RE: Schema default values in C implimentation

Posted by Steve Roehrs <St...@rlmgroup.com.au>.
Hi Chris

The C API doesn't support default values, or schema evolution.  It does
support schema projection, where the reader schema has less fields than
the writer schema.

For this reason we switched to using the C++ API for our particular
project. C++ Schema evolution has only recently been baselined in
version 1.7.7 of Avro.

I did some work on trying to implement it in the C version, but gave up,
as I found the C code quite difficult to work with.

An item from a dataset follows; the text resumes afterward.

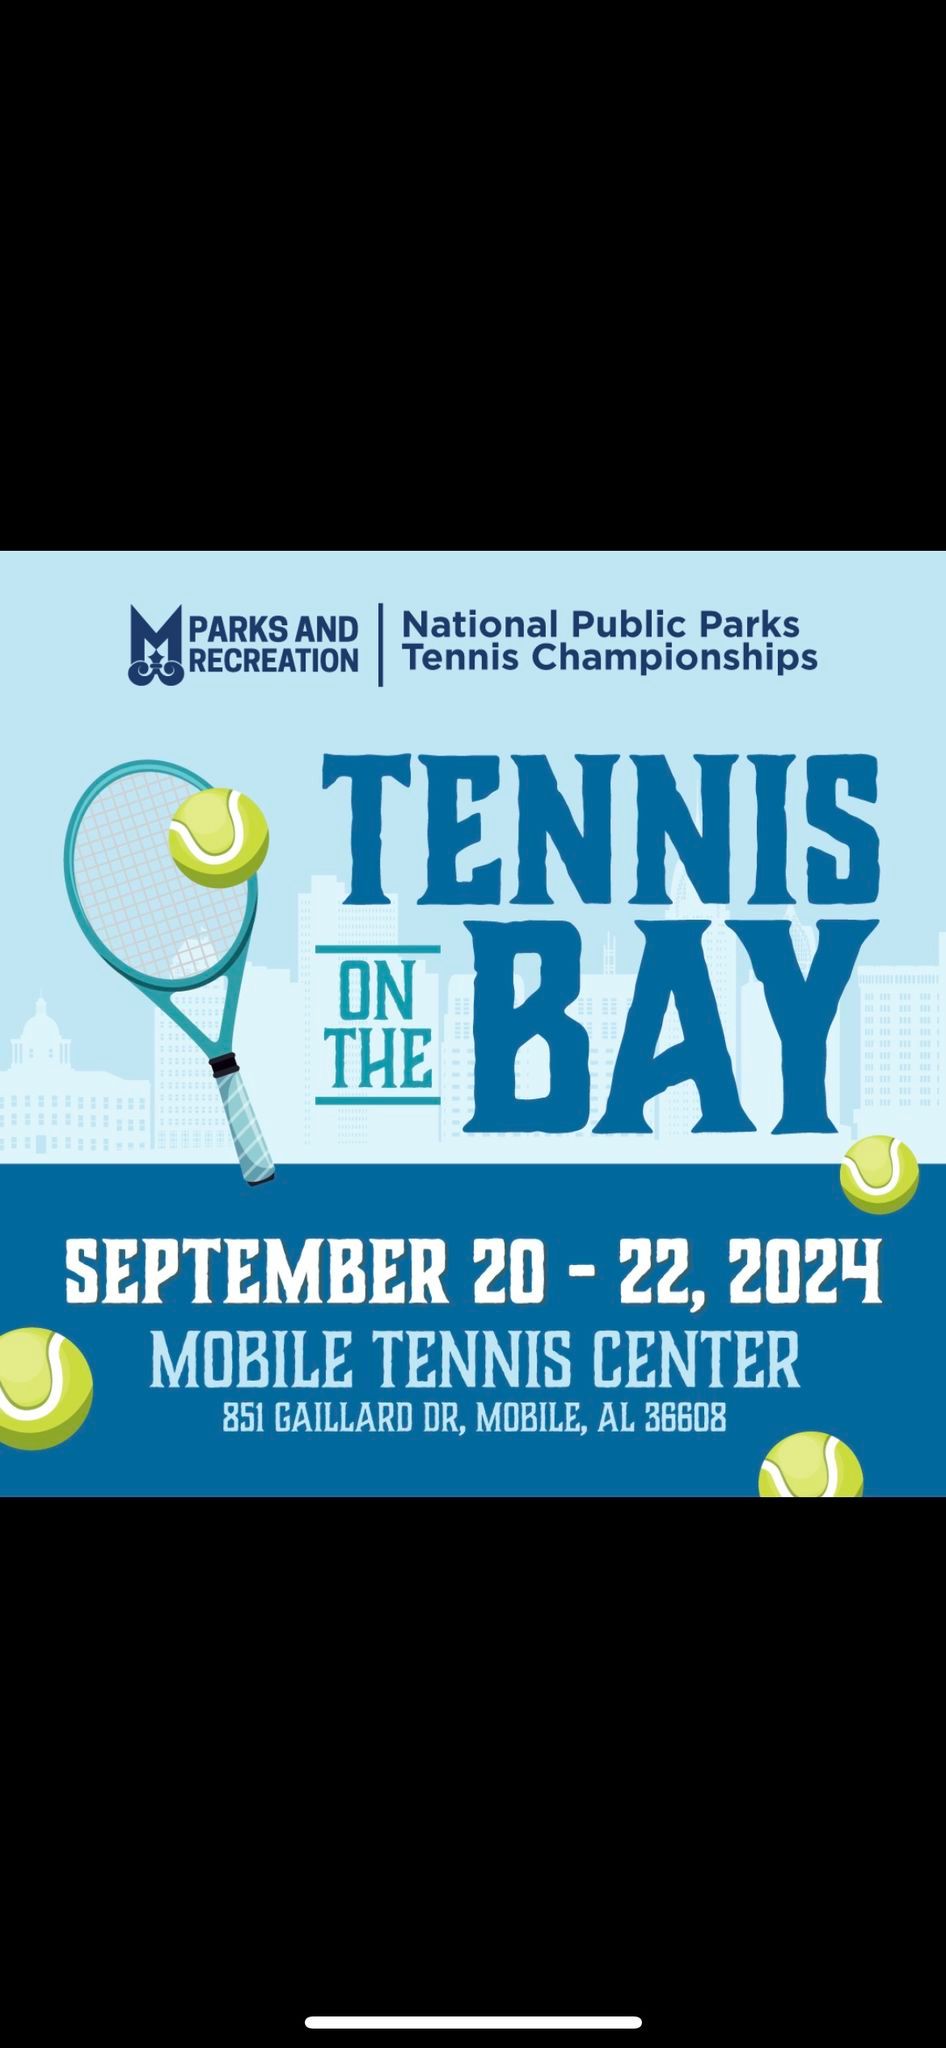 National Public Parks Tennis Championship

I agree the documentation should be clarified.  Schema projection and
type promotion are a subset of schema resolution - but schema evolution
is definitely missing!


Steve Roehrs

Senior Software Engineer | Lockheed Martin

 

| p: +61 8 7389 4525    | m: +61 4 3891 5622     | f: +61 8 7389 4551

| w: www.rlmgroup.com.au | e: Steve.Roehrs@rlmgroup.com.au

| Company address: 82-86 Woomera Ave, Edinburgh, SA 5111

This email and any attachment to it remains the property of Lockheed
Martin and is intended only to be read or used by the named addressee.
It may contain information that is confidential, commercially valuable
or subject to legal privilege.  If you receive this email in error,
please immediately delete it and notify the sender.  Opinions,
conclusions and other information in this message that do not relate to
the official business of Lockheed Martin or any companies within
Lockheed Martin shall be understood as neither given nor endorsed by
them.

-----Original Message-----
From: capo hatsoft [mailto:jangoolie@gmail.com] 
Sent: Wednesday, July 30, 2014 12:05 PM
To: dev@avro.apache.org
Subject: Schema default values in C implimentation

I recently extended a tool used at my work by adding an Avro output
module.
The module works fine except that it appears to ignore default values in
the schema.

My program does something like this:

presuming schemaBuffer contains

{"type":"record",
  "name":"test",
  "fields":[
    {"name":"foo", "type":"int"},
    {"name":"hat", "type":"int", "default":12},
    {"name":"bar", "type":"string"}
  ]
}

avro_schema_t schema;
avro_schema_from_json_length(schemaBuffer, schemaLen, &schema);

avro_value_iface_t * iface;
avro_value_t writer_value, field;
avro_file_writer_t avro_writer;

iface = avro_generic_class_from_schema(schema);
avro_generic_value_new(iface, &writer_value);
avro_file_writer_create_with_codec(outFilePath, schema, &avro_writer,
"defalte", blockSize);

//iterate over some data structure containing src data {
  //for int values {
    avro_value_set_int(&field, someIntValue);
  }
  //similar code for other types...
}
avro_file_writer_append_value(avro_writer, &writer_value)


//clean up
//flush etc on program exit

The result is that the program correctly creates an avro encoded file
with
one record for each of my input records with all the correct values
etc....

Except! The schema at the top of the output file created is different to
the input schema. It now looks like:

{"type":"record",
  "name":"test",
  "fields":[
    {"name":"foo", "type":"int"},
    {"name":"hat", "type":"int"},
    {"name":"bar", "type":"string"}
  ]
}

The default property just seems to be completely ignored by the schema
parser or otherwise not reproduced by the schema writer.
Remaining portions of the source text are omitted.